I’m not best placed to discuss the issue of Native American appropriation that were raised re. the first game, but I do think the tribes in Forbidden West are designed more thoughtfully. They have wildly different social and political customs. The Tenakth, for example, built their society around interpretations of glitchy holograms of an airbourne special forces team, and this affects everything from where they choose to live, to how they dress.Image credit: Rock Paper Shotgun/PlayStation
Like the first game, where you had to play through being bullied as a child, Forbidden West has a bit of a slow start. It takes several hours to find Gaia, and although technically the whole (large) map is west of the location in the first game, you won’t reach the heavily-trailed ruins of San Fransciso until after about 20 hours of running around making a Florence Pugh frowny face at how the world is going wrong. Still, the story thrums along at a decent pace, and successfully makes the switch from Aloy struggling with her identity as an orphan, to Aloy having a sort of chosen-one inferiority complex, feeling like she can’t live up to the woman she’s a clone of, yet struggling to accept the help of others even as you gather a found family around her. She remains a charismatic protagonist, and though she never has doubt about doing the right thing, she also never comes off as smug.

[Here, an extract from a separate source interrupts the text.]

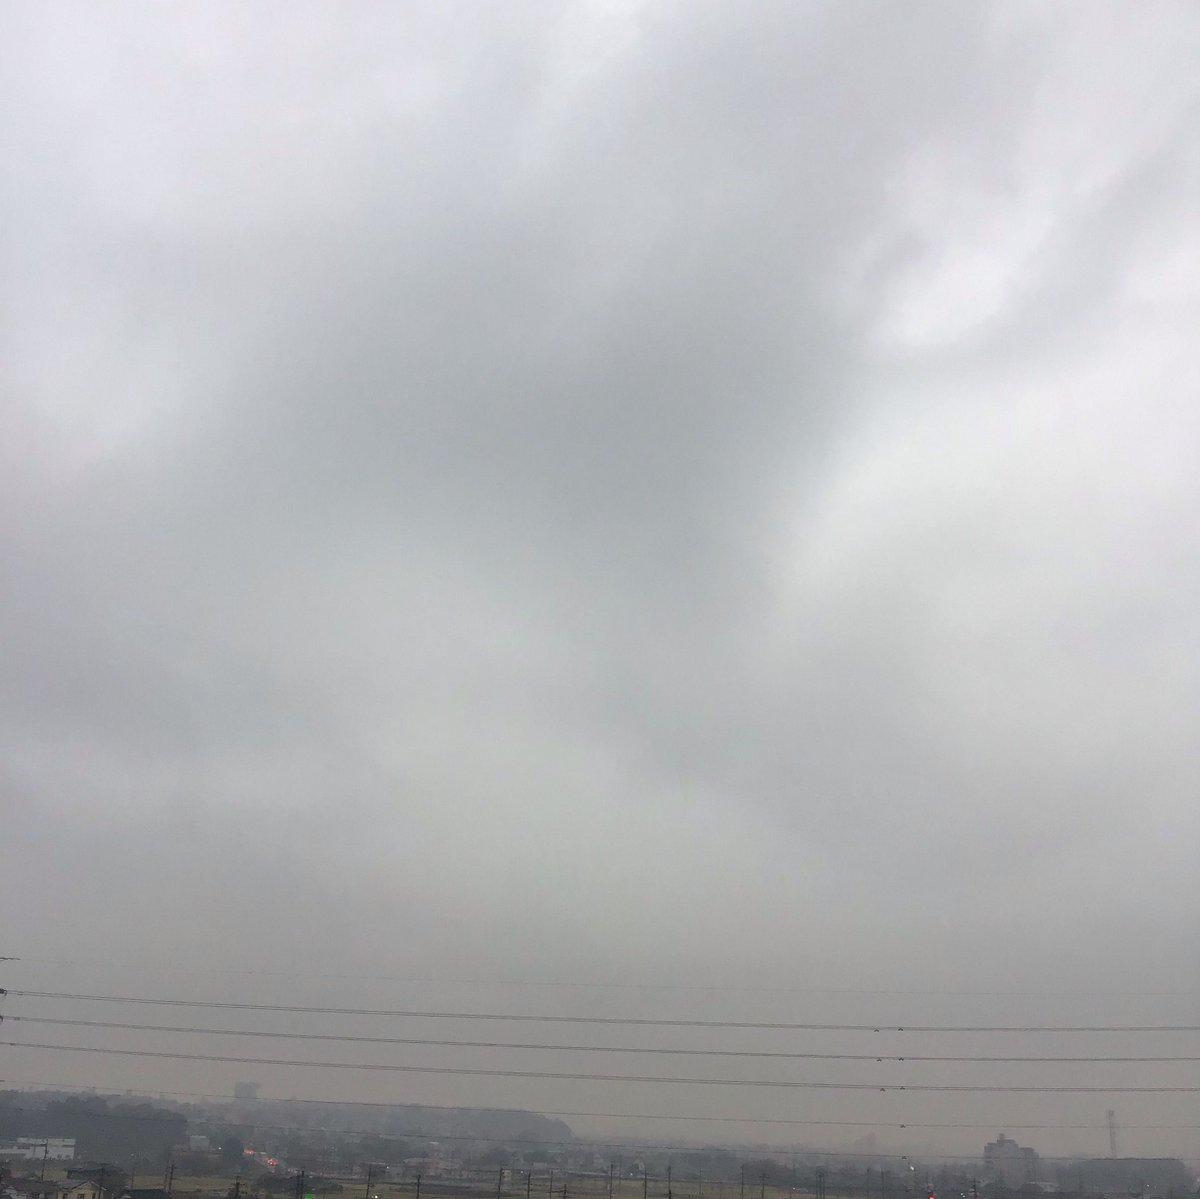 test ツイッターメディア - おはようございます^ ^ 12月2日(月)尾張旭市の天気予報は雨のち晴☔️→☀️ 最高気温…15℃(昨日より-1℃) 最低気温…10℃ 紫外線指数…弱い 洗濯指数…室内に干すか乾燥機がお勧め 服装指数…セーターが必要になりそうね 雷注意報がでています  #ハザードマップ https://t.co/EWnvKX80fc https://t.co/KiOyPJ2Vhp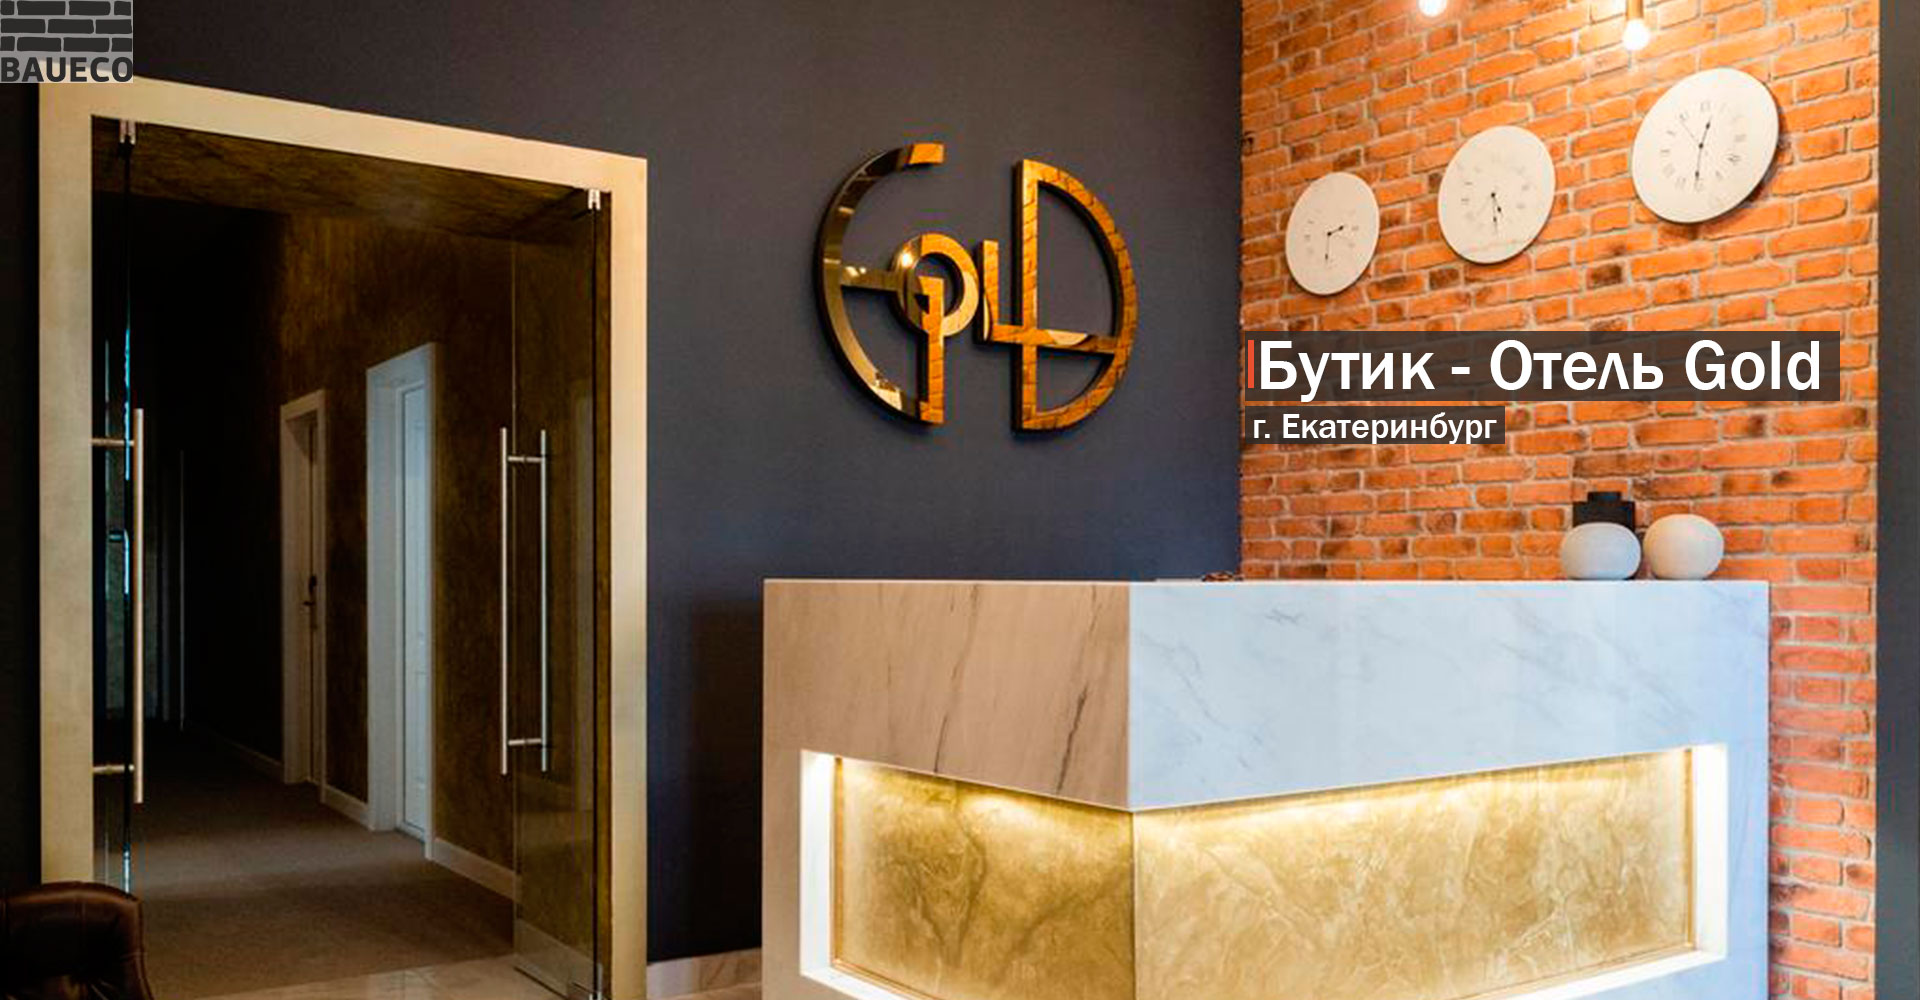 Отель бутик Gold плитка под кирпич БауЭко

While the main story contains such delights as highly advanced immortal not-alien aliens, a mutant fleshlump in a volcano lair, and a hologram extravaganza in Vegas (a personal highlight), the side quests have some gems. There are also quite a few of the ‘go to place, collect 3 x robot cow horns’ variety, of course, but many reveal details on the customs and beliefs of the different tribes, or are fun diversions that make you feel like you’re actually helping out. Finding a secret hold-out of rebels preparing to attack a city, or saving a group of refugees from being moved on. Good hero busywork.
But in a sense the preceeding 900 words are already known to some of you, because this game came out on PlayStation ages ago. I played it back then, too. What’s it like on PC? Pretty much the same! It runs really well on my machine (whose specs you can see up top), though it occasionally paused for about a second after cutscenes for shader compilation. I accidentally clipped Aloy into a rock approximately twice in 30 hours, but spamming dodge roll got me right out. Hardware editor James did a full breakdown on how good of a port it is, in fact. I will say that you should under no circumstances play this with mouse and keyboard, because playing a third-person action adventure game designed for console with a mouse and keyboard is like eating a Frube with chopsticks. It’s possible, but it’s not comfortable – to do or to watch. One thing that did surprise me is that I genuinely missed the adaptive triggers and little microphone on the PlayStation DualSense controller. I wasn’t expecting that to make a difference, but prying open a door with your big metal spear really does feel better with the controller pushing back.
So if I’m honest, and despite my allegiance here, I do think Horizon Forbidden West is probably better on PlayStation, but only marginally. If you don’t have one, but you want to play a rip-roaring, morally uncomplicated post-apocalyptic hero’s journey, where you get to clear a huge map and ride around on a giant boar that spits fire – and why wouldn’t you, frankly? – then you should get this game.
This review is based on a retail build of the game provided by publishers PlayStation.